May 17th, 2012 by Joe Kristan

From Minnesota to the Gulf, Corporate welfare for wealthy athletes and wealthier team owners flows like a big muddy river.  The Tax Policy Blog passes on the bad news for the taxpayers who are picking up the tab:

A new sports facility has an extremely small (perhaps even negative) effect on overall economic activity and employment. No recent facility appears to have earned anything approaching a reasonable return on investment. No recent facility has been self-financing in terms of its impact on net tax revenues. Regardless of whether the unit of analysis is a local neighborhood, a city, or an entire metropolitan area, the economic benefits of sports facilities are de minimus.

But, but… the Vikings!

Do corporate welfare queens wear bloody socks? Rhode Island has invested $75 million in a video game company started by Curt Schilling. It’s starting to get ugly. (Hat tip: alert reader Brendan).

David Brunori ponders taxes on “violent” video games:

Do violent video games make people more likely to commit crimes? Supporters pointed to a real-life cop killer who was known to play Grand Theft Auto — in 2003. The real Nazis (not the zombies) committed the most horrific acts known to mankind without once watching a violent video game. Perhaps World War II wouldn’t have occurred if we had taxed Mein Kampf?

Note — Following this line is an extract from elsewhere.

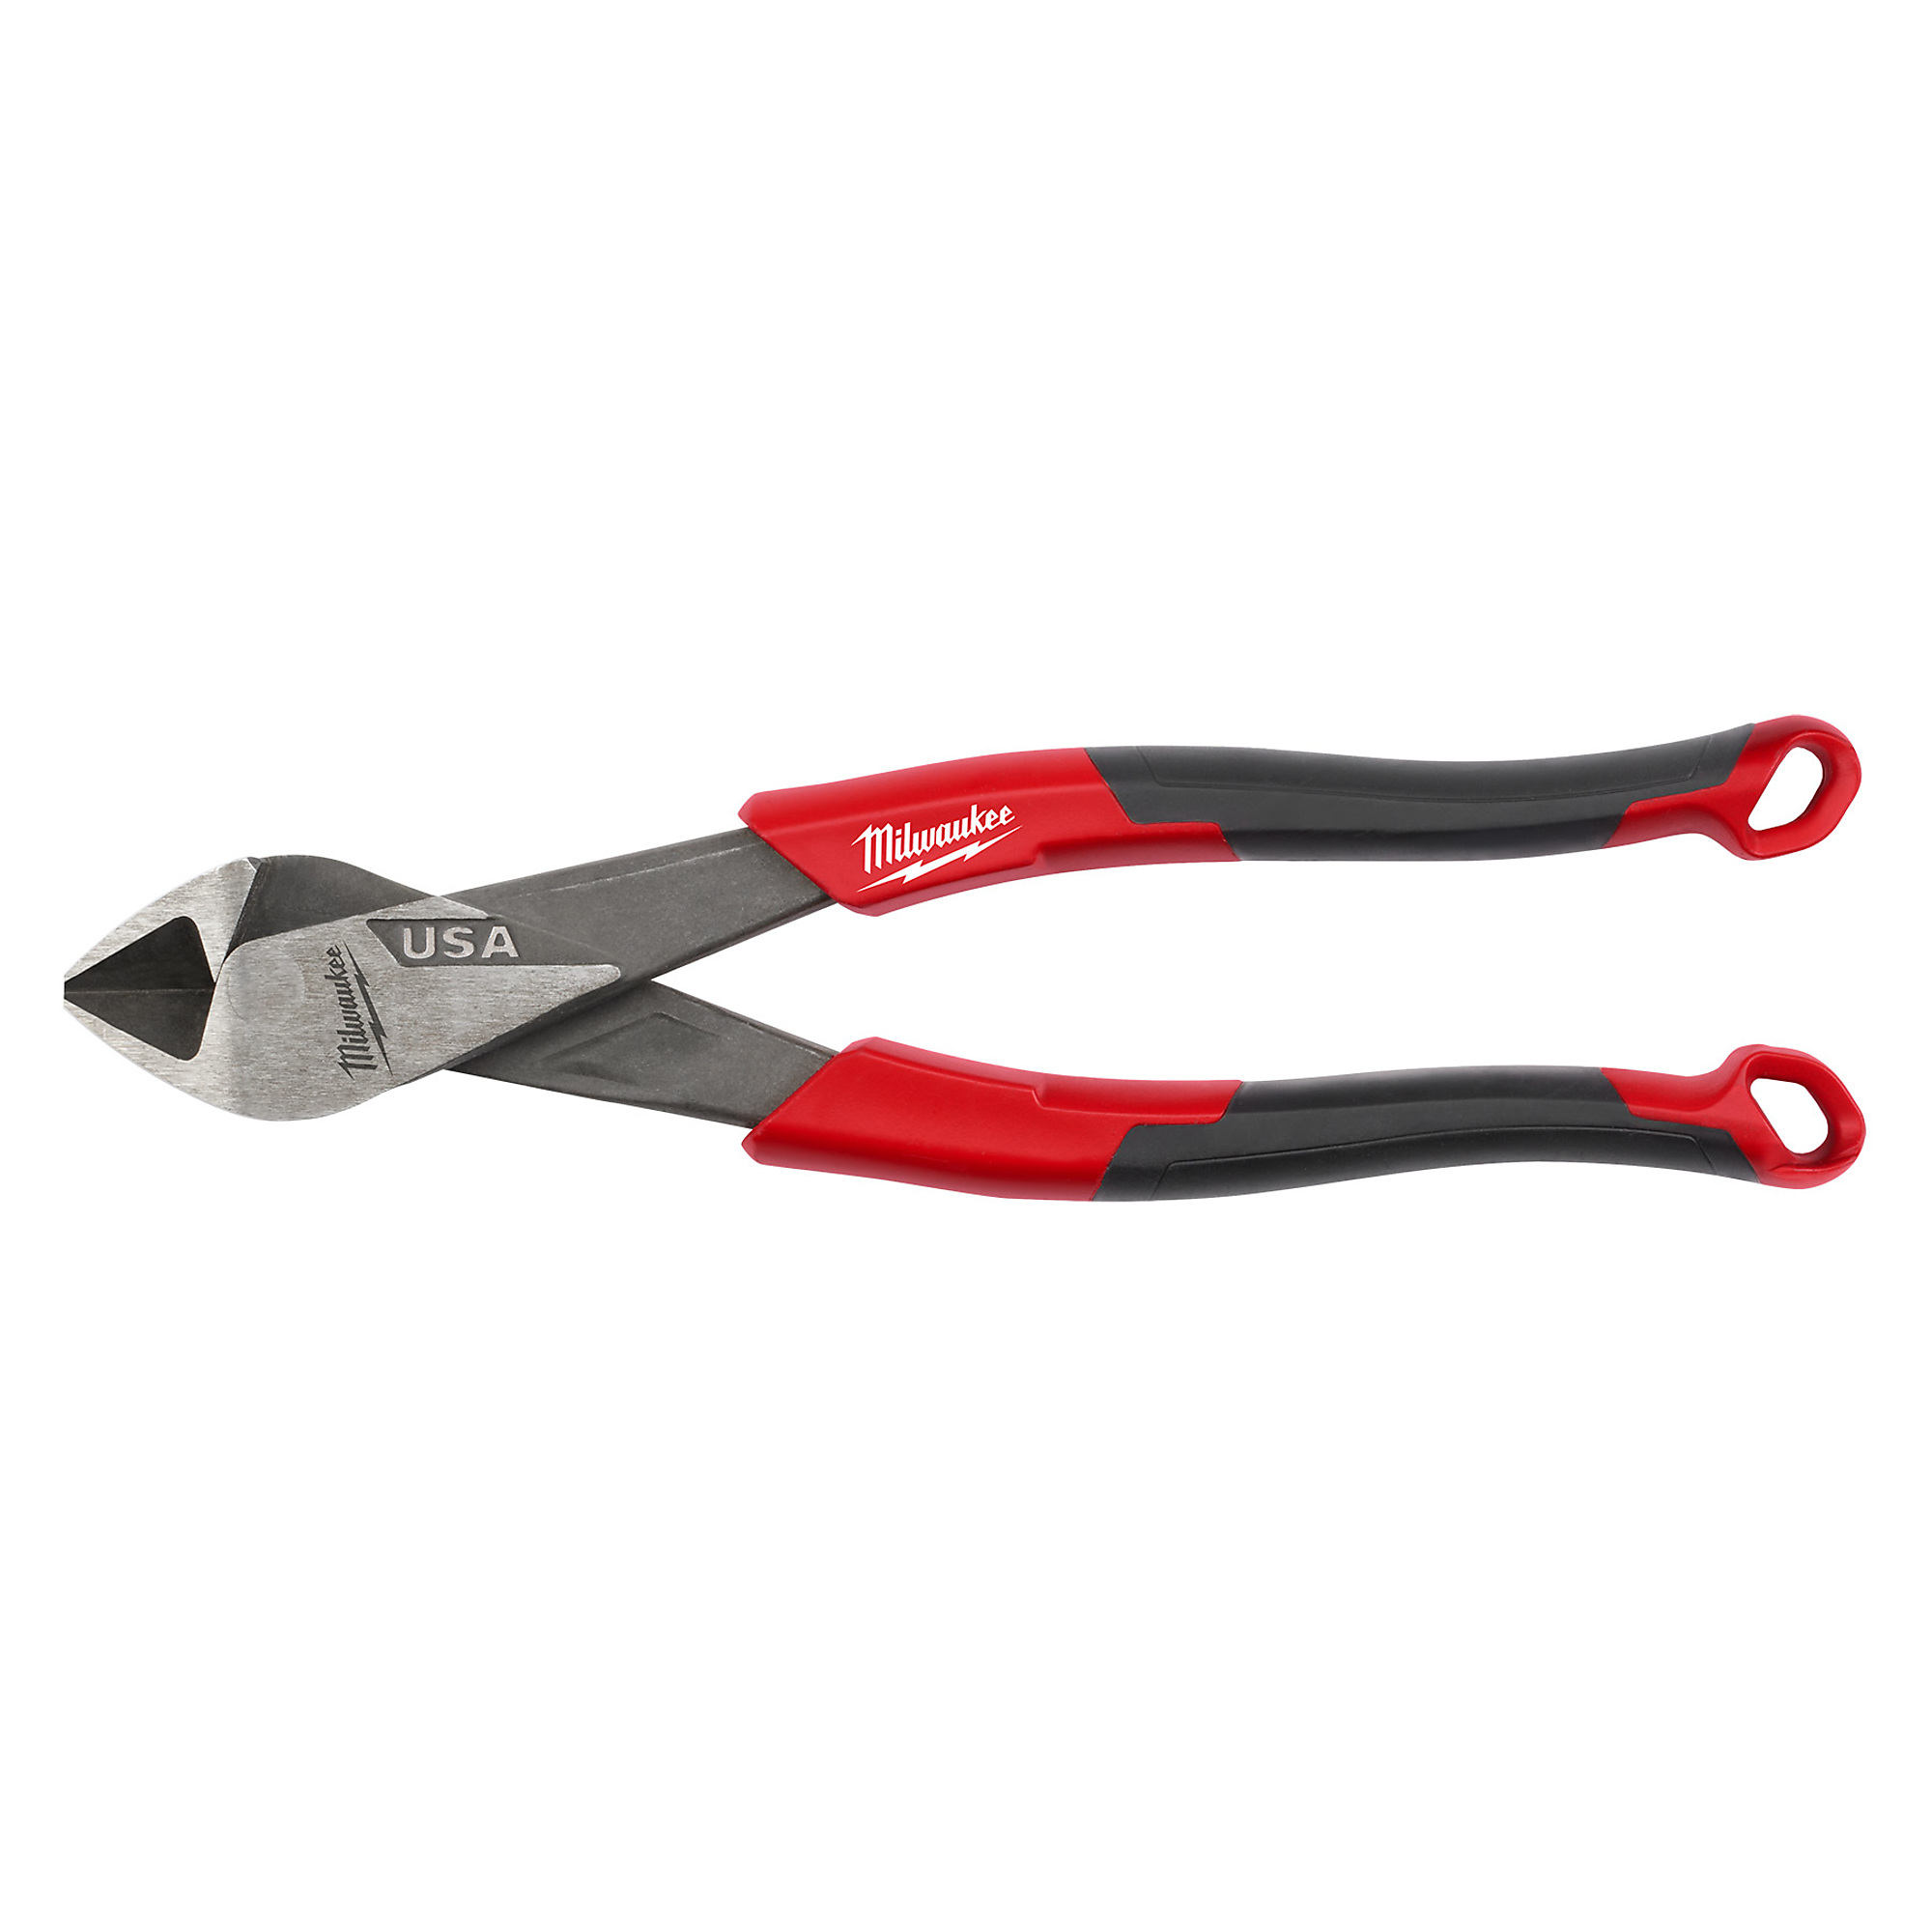 Milwaukee, 8Inch Diagonal Comfort Grip Pliers USA, Pieces (qty.) 1, Material Steel, Model MT558
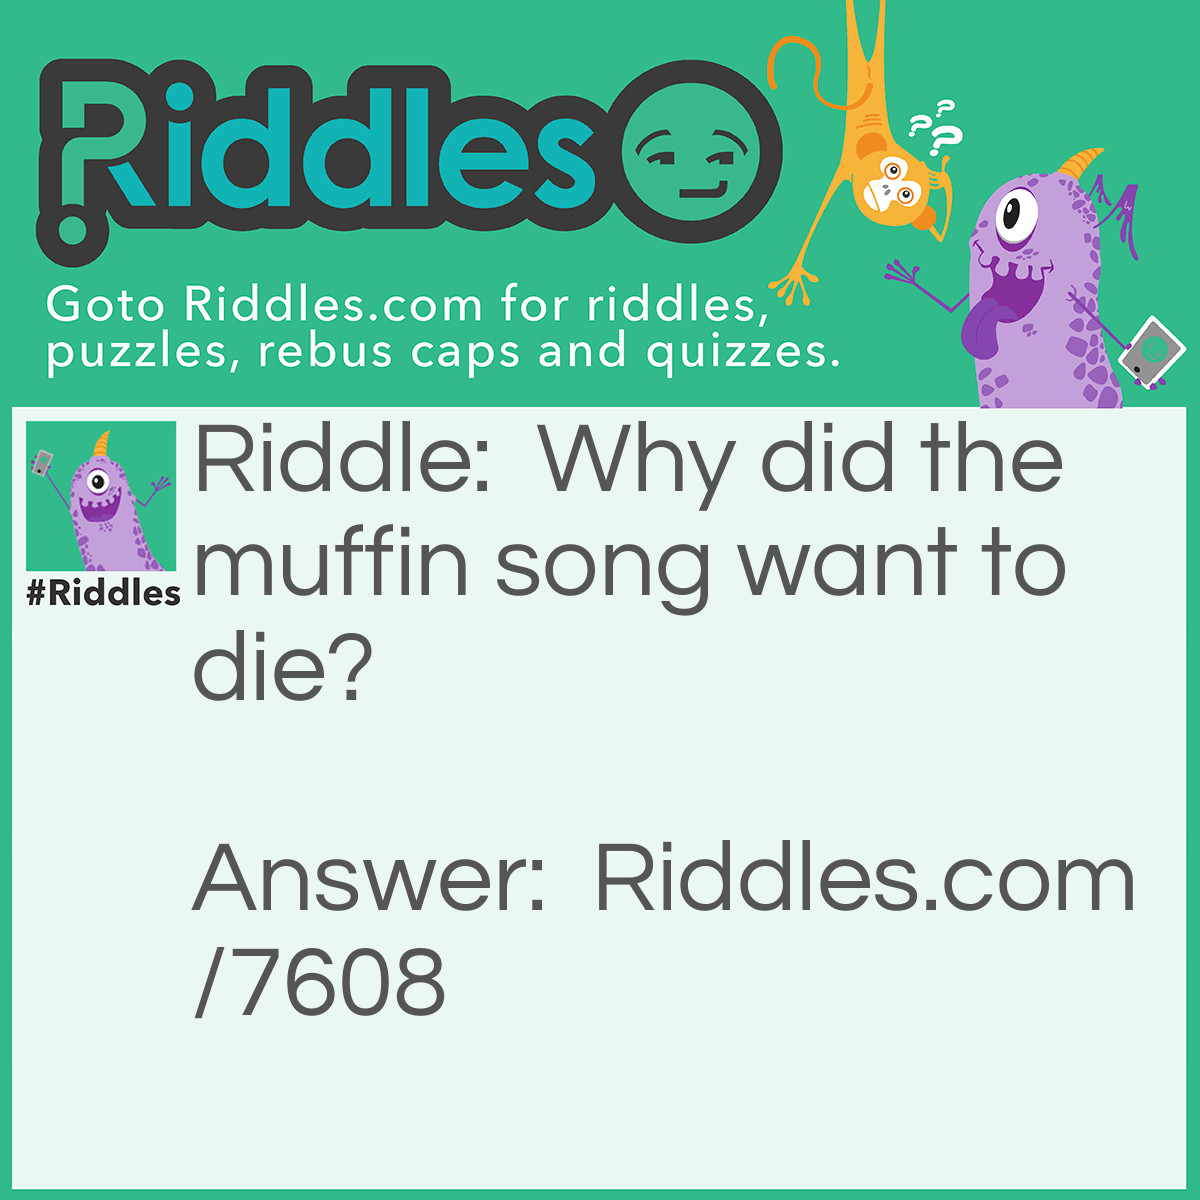 Riddle: Why did the muffin song want to die? Answer: Muffin is a food.

Unless the characters somehow emerge from the screen and start shooting up the house, it’s hard to see how something that happens only on a computer screen is “violent.”

TaxProf: Tax Savings From Facebook Co-Founder’s Renunciation of U.S. Citizenship: $67 Million

Jack Townsend: Renunciation of U.S. Citizenship to Save U.S. Tax

What’s your all-in cost of government? The AICPA has posted an online calculator to estimate your total liability for federal, state and local taxes. It’s easy to use, and the results are sobering. 

You negotiated a debt workout? The IRS may be glad to hear that. My newest post at IowaBiz.com, the Des Moines Business Record’s group blog for entrepreneurs.

Kay Bell: Tax record keeping tips and the statute of limitations on IRS audits

Adding insult to fatal injury: Deputies: Jailed murder suspect tries tax fraud with victim’s ID (TBO.com, Tampa)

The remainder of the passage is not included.